Çocuklarım beni öpmek istiyor. Midem ona bile karışıyor. Hemen başlıyor bulanmaya. Eşimin sesine, soluğuna bile tahammülüm yok onun yüzünden.
Yemeyi içmeyi anladım da televizyonlardaki programlardan, telefonumdaki uygulamaların gelen bildirimlerinden niye rahatsız oluyorsun? Bunda bulanacak bir şeyi nasıl bulabiliyorsun?
Senin ilgi alanın yiyecekler. Geleni sindir gitsin. Hatta yanındaki ufaklık kızsa ekşi, erkekse tatlı şeyler iste de biz de cinsiyetini anlayalım değil mi? Karalahana çorbası isteyince haliyle cinsiyet tahmininde de bulunamıyor insan.

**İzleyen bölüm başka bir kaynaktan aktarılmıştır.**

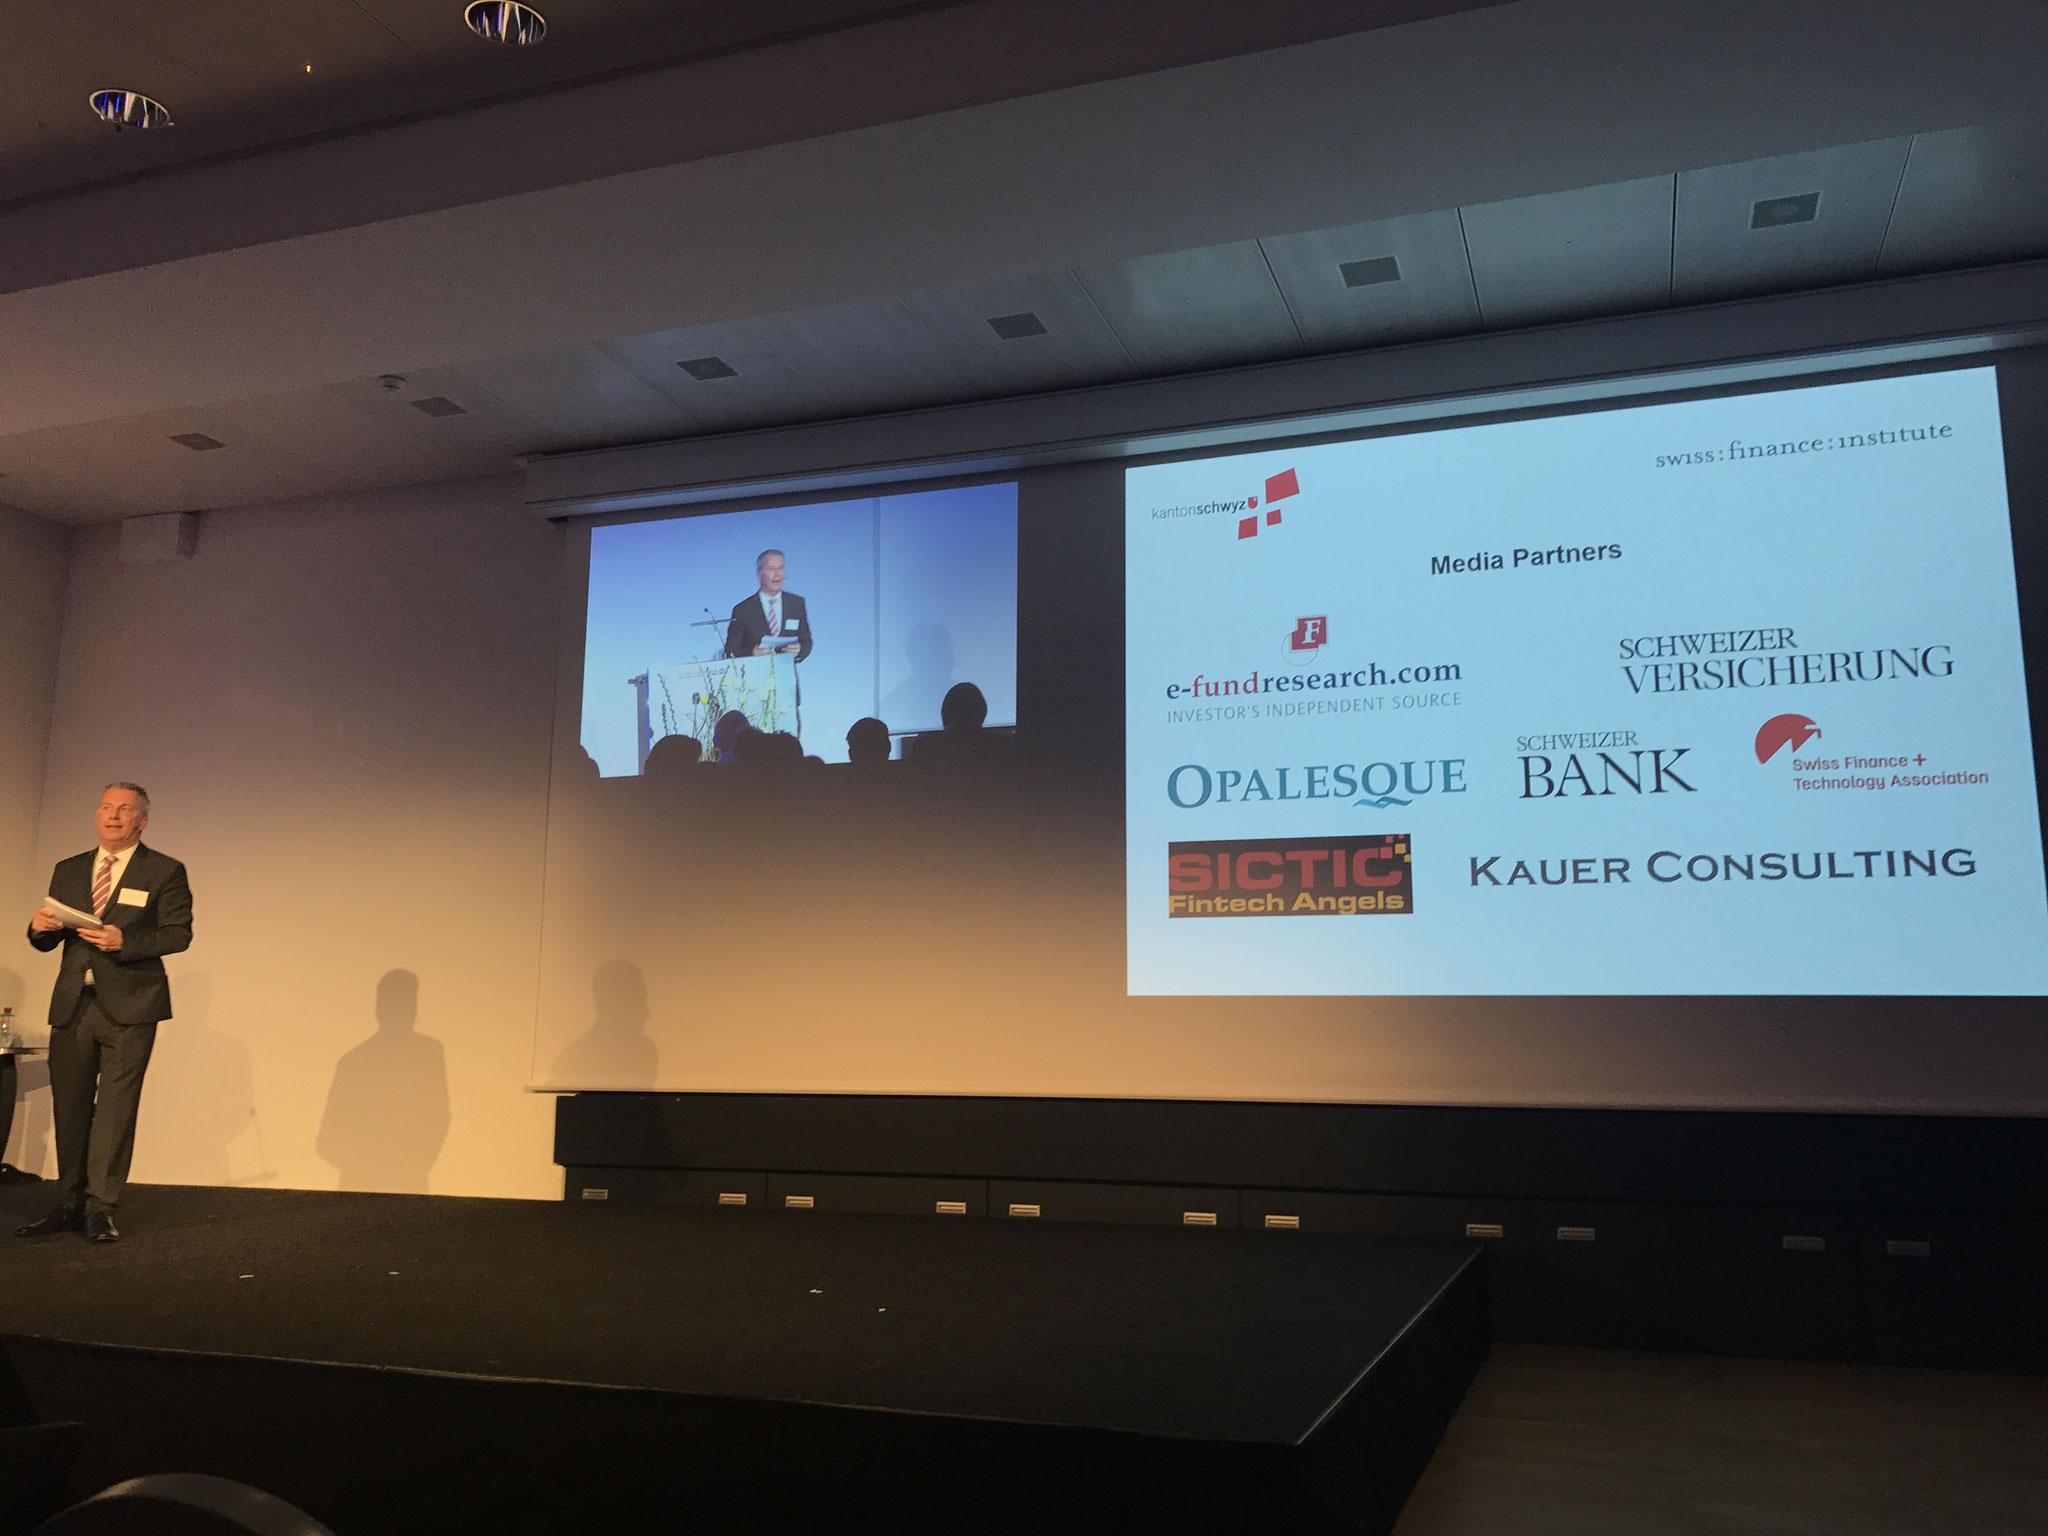 Swiss Asset Management Day 2017: Media Relations (Hyperlink: Webpage, siehe rechte Seite, Sektion Media)

Bir de beyaz lahanadan sarma istedi de yaptı canım anneciğim. Bu sefer de tutturdu “Bir ısırık bile yemem” diye. Tabi sen her şeyi katıp karıştırdığın için sarma yapmanın zahmetini nereden bileceksin.
Su içmeyecekmişim. Tutturdu “Karpuz isterim” diye. Mart ayında karpuzun kaç para olduğunu biliyor musun sen? Oradan bakınca Karun gibi mi görünüyorum? Alıp da yiyince de mutlu olmuyor ki. Ağzıma metal yemişim gibi bir tat gönderiyor.
Sağdan soldan herkes bildiklerini anlatıyor. Ne denirse yapıyorum. Sabahları tuzlu kraker yemek, o olmazsa beyaz leblebi atıştırmak, o da olmazsa ayvayı çekirdekleri ve kabuğuyla az suda kaynatıp içmek… Daha neler neler… Sadece bir hemşire sabahları uyanınca yere bakmamamı, direkt karşıya veya tavana bakmamı tembihledi. Bir tek onun dediğini yapmadım. Gözleri görmeyen birinde bu ne işe yarayacak ki? Sözün bittiği yerdeyim.
Bütün bu yaptıklarına rağmen yine de alttan alıyorum. “Birbirimize ölene kadar ihtiyacımız var. Senin yerini kimse tutamaz. Üç ay kaldı. Sabret. Ufaklıkla da iyi geçin canım midem” diyorum. O da bana “gurrrr” diye cevap veriyor. Acaba ne demek istiyor?